Лежащие в основе кибернетики логика и математика представляют собой науки с наивысшим по современным меркам уровнем абстракции. Поэтому логика и математика способны дать ответы на вопросы: "Что происходит…?" и "В какой последовательности происходит…?". Ответы на вопросы "Как и почему происходит…?" необходимо искать в физических, химических, биохимических и молекулярно-биологических исследованиях, где обнаруживаемые свойства формальных систем помогают спланировать эксперимент и проинтерпретировать его результаты. Ответы на вопросы "С какой целью происходит?" лежат уже в плоскости физиологических, психологических и социальных исследований, где другие науки способны лишь помочь в планировании эксперимента и интерпретации его результатов.

Глубоко понимая ограничительные рамки пассивного (инструктированного извне) развития кибернетических систем, основоположник "физиологической кибернетики" П.К. Анохин тем не менее считал, что механизм постановки цели в организме "…непременно разыгрывается на материальном субстрате мозга и не должно быть никакого места для боязни объективного научного подхода к этому факту". Поэтому "…ней-рофизиология должна широко использовать формализацию процессов, способы преобразования информации в сложных системах, математическую обработку материалов исследований" и т. д. В свою очередь, создатели сложных технических систем и глобальных технотронных комплексов должны четко оценивать и своевременно парировать угрозы и опасности, вытекающие из роли и места человека при проектировании, изготовлении и эксплуатации таких систем.

В науках "о живом" накоплен значительный экспериментальный материал, свидетельствующий о том, что в механизмах произвольной активации, целеполагания и развития существенная роль принадлежит феноменам внутреннего напряжения и конфликта, которые предопределяют и направление дальнейшего приложения усилий организма, и состав информативных переменных, и состав допустимых действий в конкретных внешних условиях. Все перечисленные факторы составляют ядро задачи формализации,которая в современных условиях решается человеком в рамках проектной технологии прототипирования и без решения которой невозможно использование средств вычислительной техники в технотронных комплексах двойного назначения. Главная опасность широкомасштабного использования таких комплексов - это потеря управления составляющими его средствами вычислительной техники, что может привести к непредсказуемым, в том числе и глобальным, последствиям. Поэтому представляется важным сопоставить основные механизмы развития живых и сложных технических систем и выявить главные опасности создания и использования с участием человека технотронных комплексов, в первую очередь военного назначения.

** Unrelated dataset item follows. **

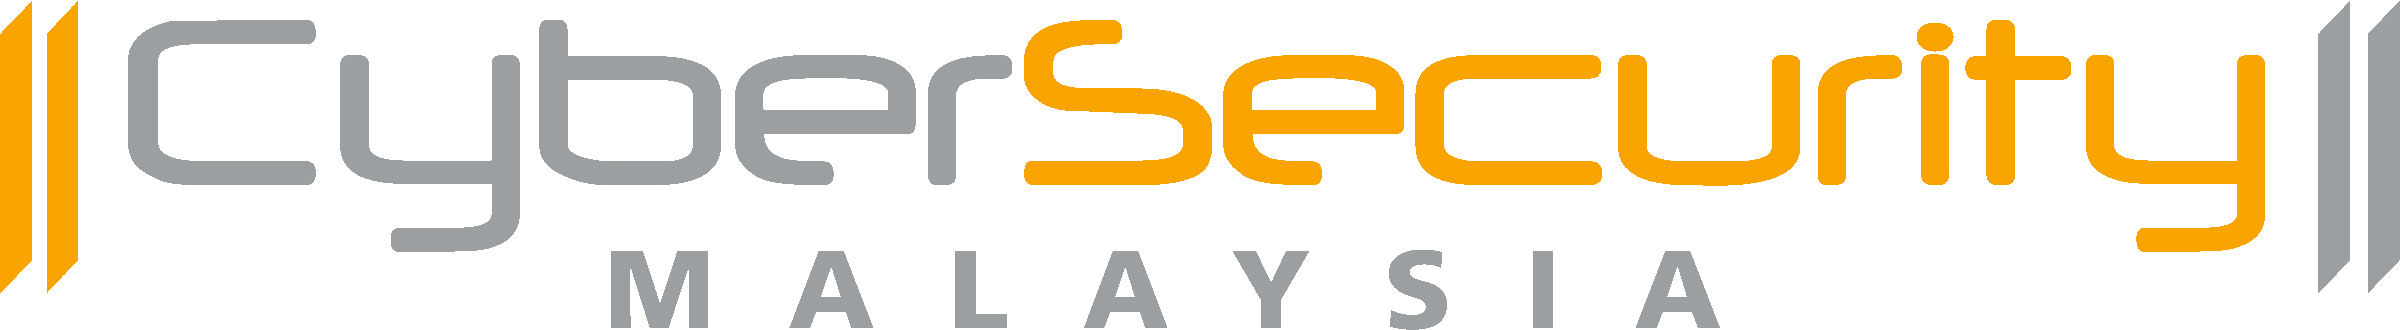 csm-logo

Существует целый ряд обстоятельств, когда живому объекту (субъекту) не удается "разрешать" конфликты классическими для кибернетики методами и средствами обратной связи. Поэтому организмы вынуждены активироваться и развиваться под давлением неразрешимых или только кажущихся им неразрешимыми конфликтов и находить принципиально новые структурно-функциональные схемы и механизмы, обеспечивающие им выживание в объективно новых для них условиях или в ситуациях, которые субъективно оцениваются ими как качественно новые. Исходя из этого, конфликты следует воспринимать не как экстраординарные события в индивидуальной жизни объекта (субъекта), а как различающиеся по интенсивности, постоянно возникающие состояния напряжения, вызванные противостоянием эквивалентных по силе, но разнонаправленных тенденций к реализации той или иной функции. Различные варианты такого противостояния становятся причинным началом произвольной активации живых объектов как условия их развития, которое характери зуется "закономерным, необратимым и направленным изменением их свойств" [13] и их целеустремленной деятельности. В этом контексте "функциональное развитие" представляет собой частный случай закономерного и направленного (прогрессивного) изменения функций и может рассматриваться как эпифеномен "разрешения" того или иного внутреннего конфликта.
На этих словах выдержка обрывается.